WHAT TO PRODUCE -> Leave the images aside and copy out the whole listing, exact to the word.

DATASET EXTRACT ->

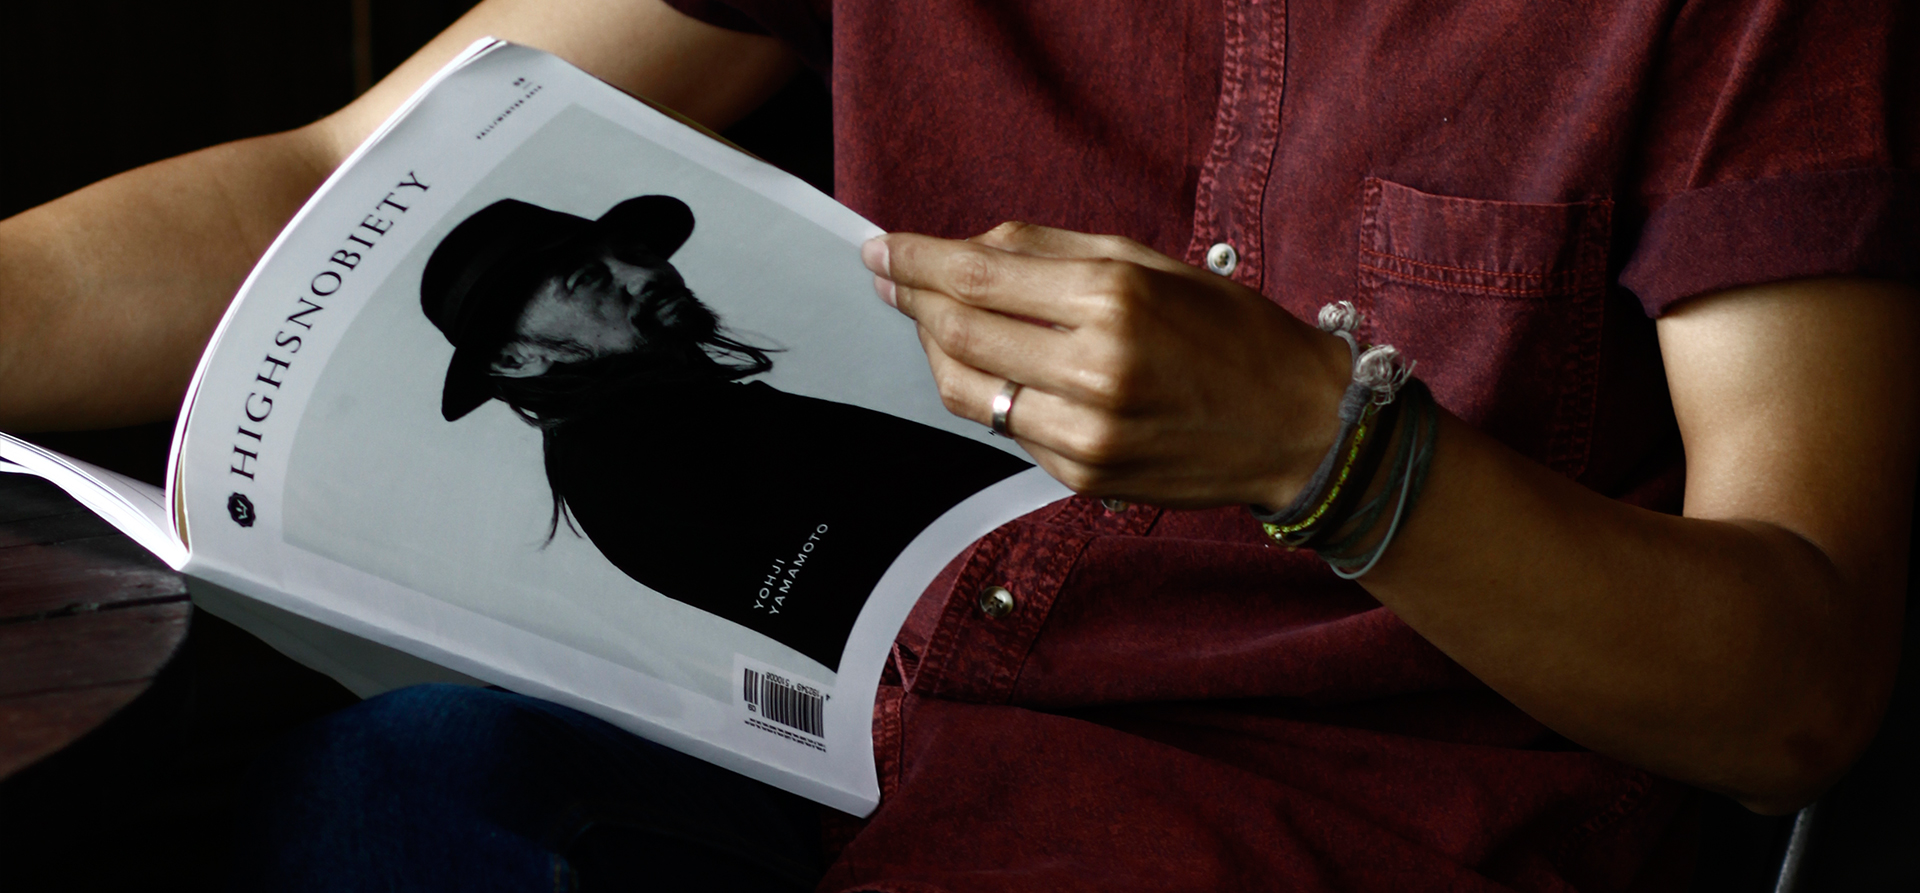 casestudy-04.jpg Woman reading a magazine
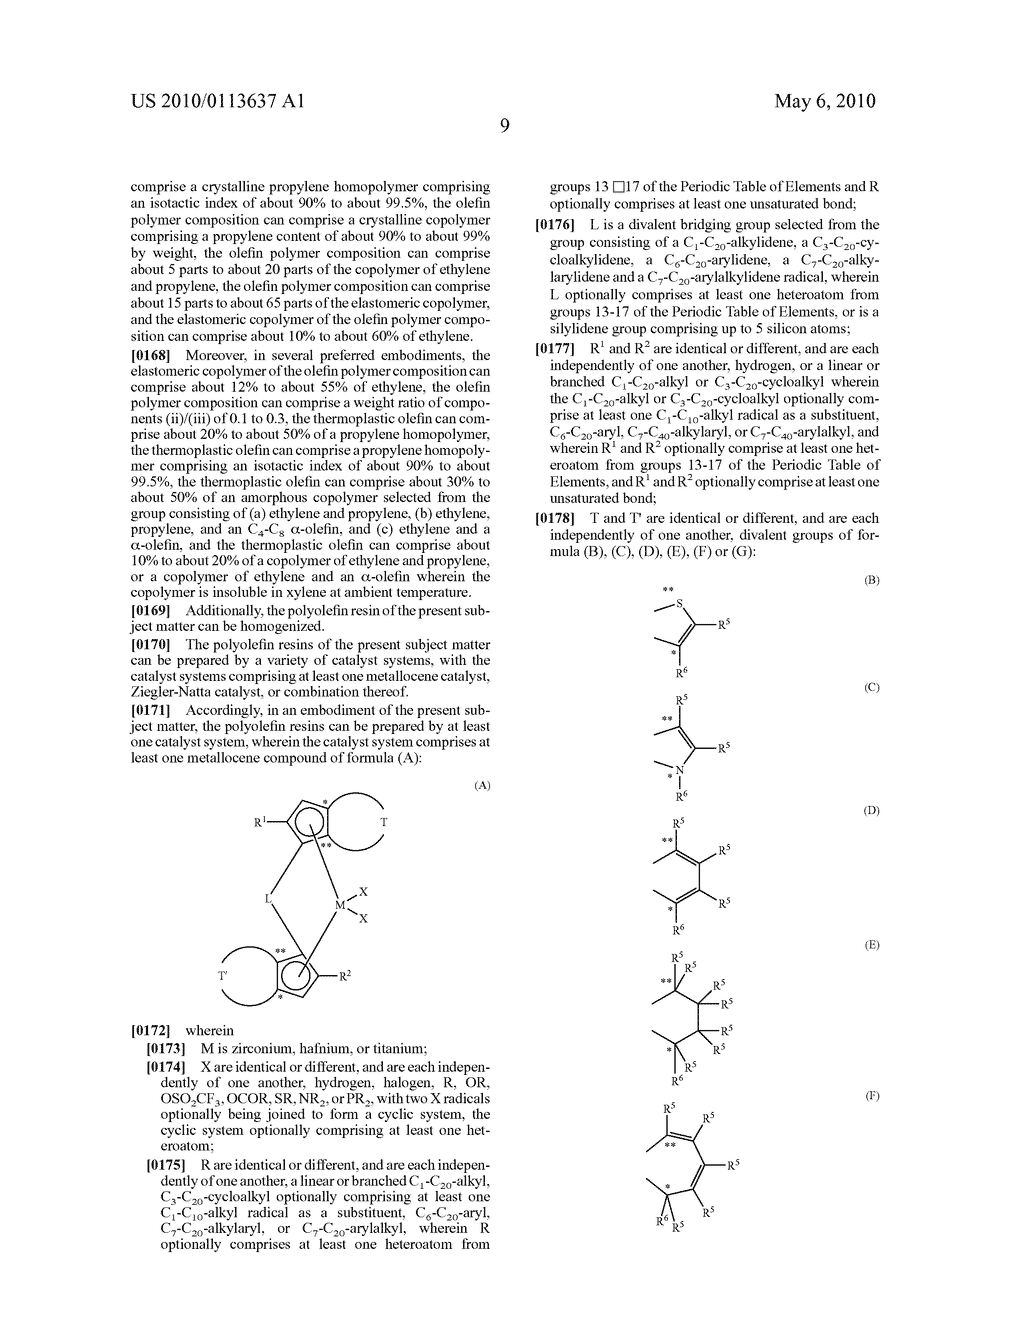 IRRADIATED POLYOLEFIN COMPOSITION COMPRISING A NON-PHENOLIC STABILIZER - diagram, schematic, and image 10
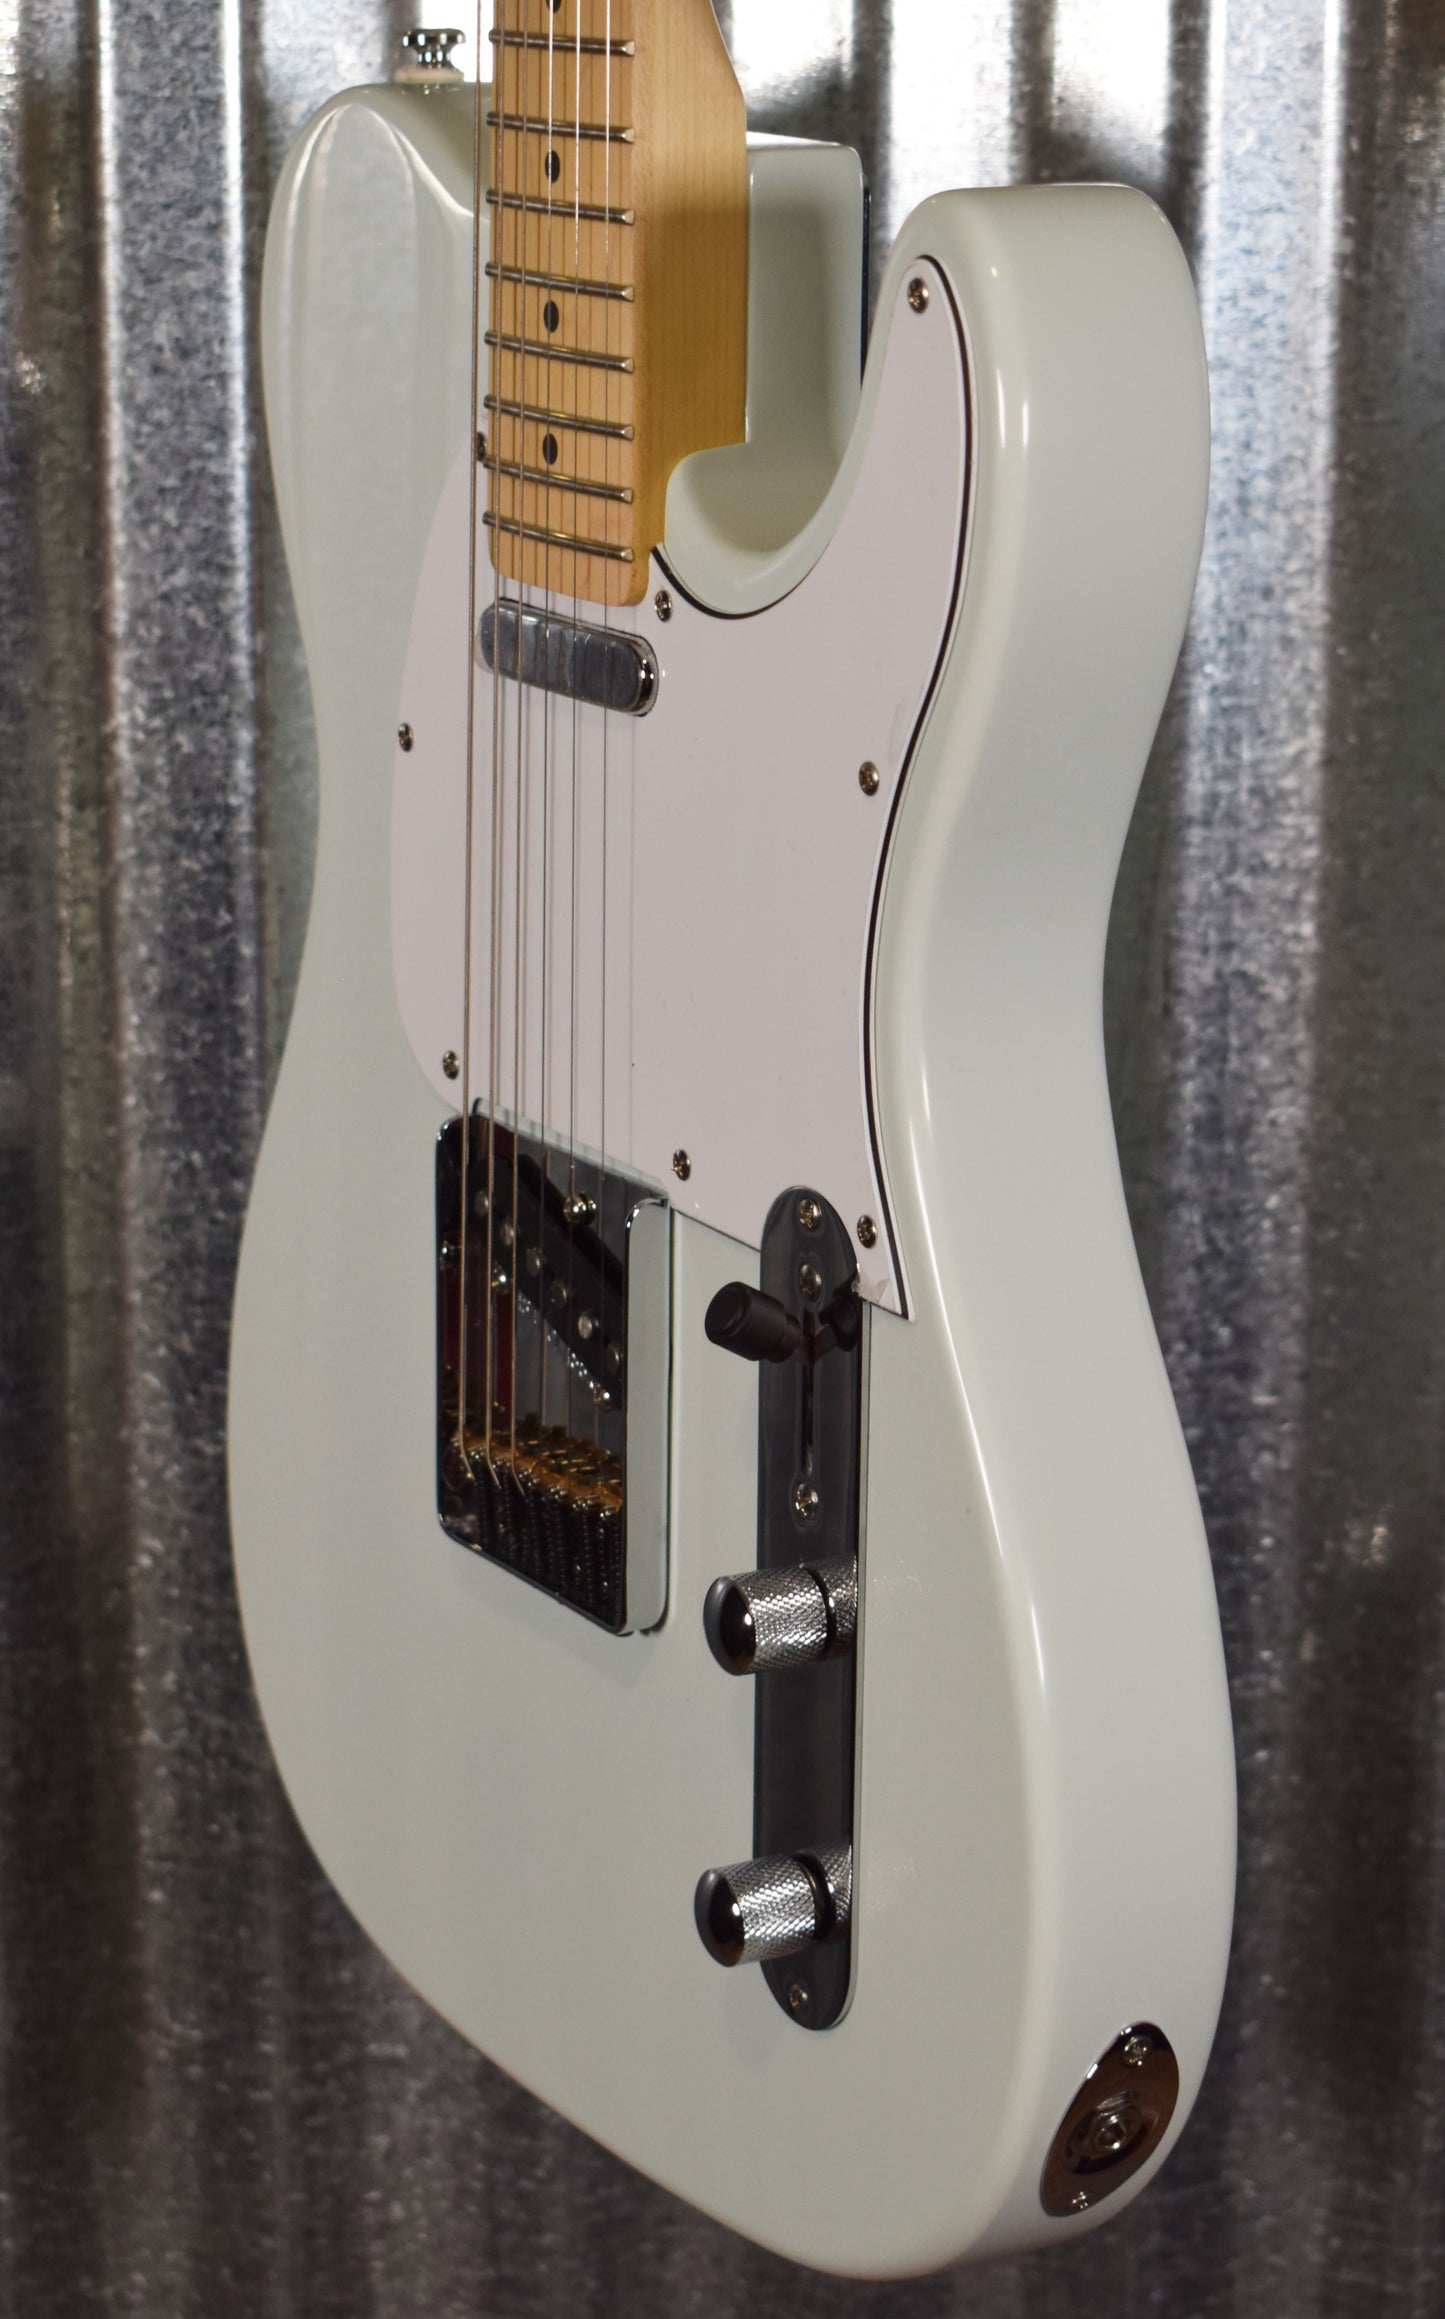 G&L Tribute ASAT Classic Sonic Blue Guitar #6326 Used

EXPECTED ANSWER ->
 casestudy-04.jpg Woman reading a magazine
 IRRADIATED POLYOLEFIN COMPOSITION COMPRISING A NON-PHENOLIC STABILIZER - diagram, schematic, and image 10
 G&L Tribute ASAT Classic Sonic Blue Guitar #6326 Used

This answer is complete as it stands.